GigE Vision is, in theory, a highly attractive option as a bus standard for implementing machine vision systems. It offers high specifications for data rate and interconnection length, promises interoperability between vendors, and is based on a familiar, mainstream technology with all the concomitant advantages of economies of scale and ubiquity of deployment.

 

However, GigE Vision is also a relatively young standard that is yet to be proven in the broad range of machine vision applications.

Sony’s Image Sensing Solutions division, in conjunction with the Institute of Photonic Microsystems (IPMS) of the Fraunhofer Institute, undertook a study, seeking to objectively compare the specifications and performance of GigE Vision, with that of the most-common current machine vision interconnection standard, IIDC (Instrumentation and Industrial Digital Camera) over IEEE 1394.

This whitepaper outlines the methodology and key results of that research.

The study concludes that although GigE Vision (when supported by the GenICam specification) does indeed provide better performance than IIDC/IEEE 1394b in terms of raw data rate and maximum cable length, the more recent standard nevertheless contains gaps and shortcomings that make it less suitable for use in machine vision implementations. In particular, because GigE Vision provides no fundamental quality of service (QoS) guarantees, it lends itself less readily to the transmission of real-time data. Performance can also be compromised by the fact that GigE Vision tends to produce more CPU loading than IEEE 1394, encumbering the host processors within the system.

Moreover, the combination of IEEE 1394 and IIDC allows integrators to work via an API (application programming interface) at a high level, whereas GigE Vision/GenICam requires the designer to be actively involved in low-level configuration tasks, for instance setting packet size: as a result GigE hardware is more difficult to integrate, more difficult to optimize, and exhibits restricted interoperability between vendors.

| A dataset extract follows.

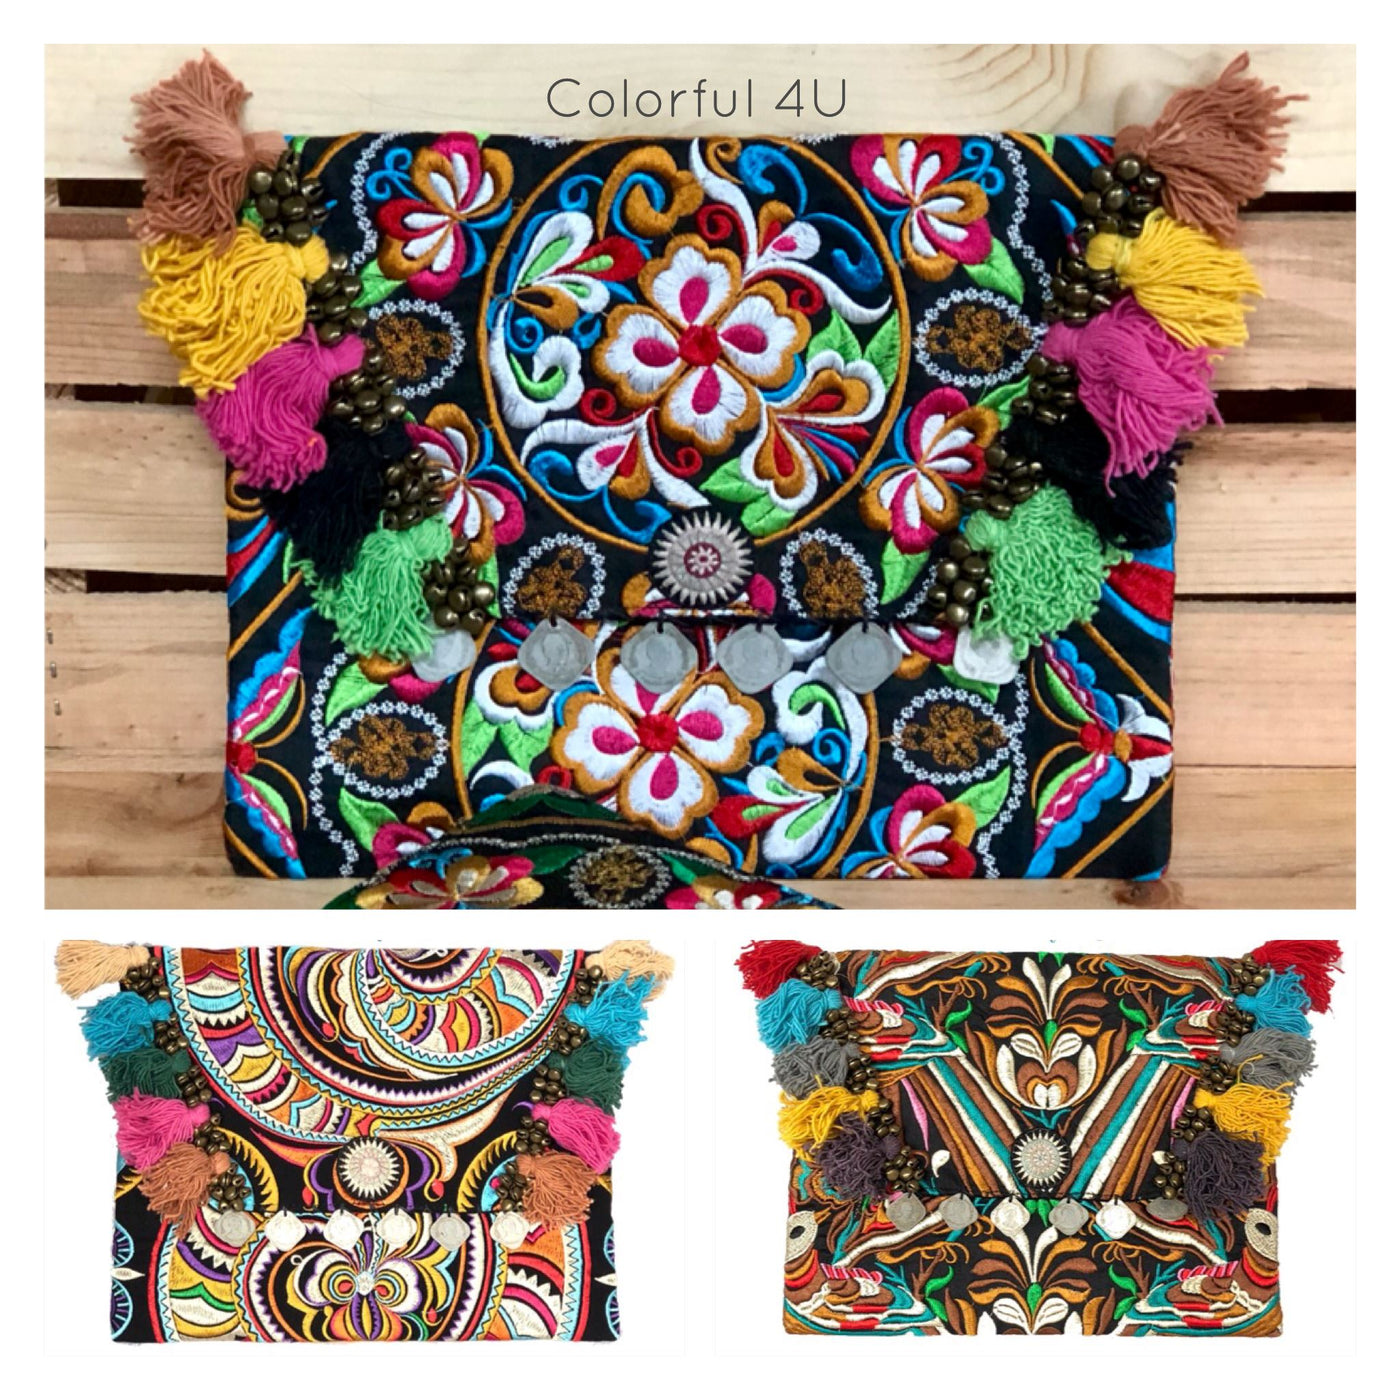 Colorful Embroidered Boho Clutch - Bohemian Black Embroidered Clutch Bag

The study concludes that GigE Vision exhibits great theoretical promise for machine vision applications, but is still evolving. Real-life systems therefore may not, in practice, deliver all of the benefits and performance enhancements that designers expect, and many designers will choose – for the moment at least – to stick with established architectures rather than risking a move to new technology.

Send your request to zone@eu.sony.com to get a copy of the full white paper.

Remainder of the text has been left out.